It's not that the lines never get corny, mind you. "Don't be a horse race, be a marathon" sounds like the worst inspirational quote from a page-a-day calendar ever committed to page, but in the context of "Never Too Late"'s warm pop-reggae, it, along with other unlikely couplets like "don't fear the long road, 'cause on the long road you got a long time to sing a simple song", forms something very pretty, wholly appealing, and actually quite moving.

Of course the title track's simple mantra, "everyone deserves music, sweet music", is far from corny as a standalone line--- as part of the song, as crooned over a series of simple piano chords and, later, as belted out over triumphant electric guitars, it sounds like the universal truth so obvious that no one ever got around to saying it. "We Don't Stop" tap-dances euphorically on a rubbernecked, dextrous funk bassline, and again drives home the album's prevailing theme of healing and unity through music.

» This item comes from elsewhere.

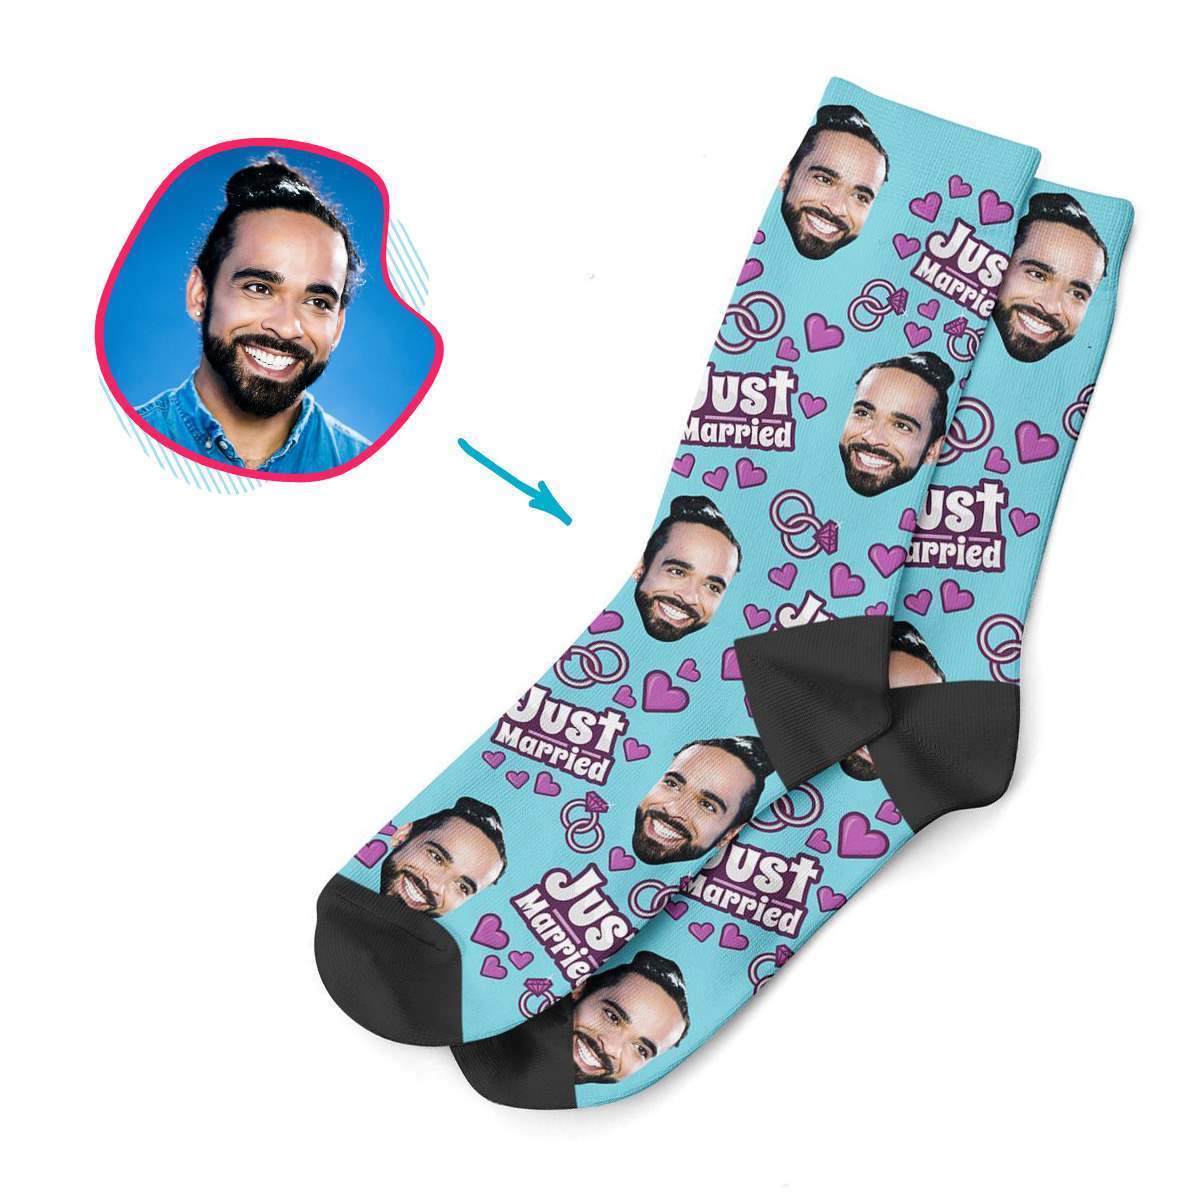 blue Just Married socks personalized with photo of face printed on them

Here Franti actually drops a few rhymes, but his versatility as a vocalist is his coat of many colors; elsewhere, he tries on a killer Dave Matthews impersonation ("What I Be") and a full-throated reggae rasp ("Pray For Grace")--- like his band, M. Franti's trump card is his startling ability to shift his style, or to adapt to the song's musical foundation. Meanwhile, Spearhead weave their way through twelve radically different tunes: soaring pop-rock with a classicist bent in "Love, Why Did You Go Away?", earnest, mid-tempo raga in "Bomb the World," feel-good gospel rock in "Yes I Will", vintage disco in "Love Invincible". The cornucopia of sound never rests for long in a particular genre, preferring to illustrate the title claim by making a little bit of music for everyone. It makes for an appealing affirmation of the album's title and arguably defining phrase, as well as a consistently engaging listen.

Whatever epiphany led Michael Franti to make happy music paid off. These songs resonate with an awe-inspiring grandeur and a plaintive, peace-loving spirit, as well as the band's considerable chops. It's one of very few albums that I've been able to safely recommend to everyone I know, and that holds a lot of water in today's fickle musical climate. Everyone deserves Everyone Deserves Music. Check it out. It's your new favorite album.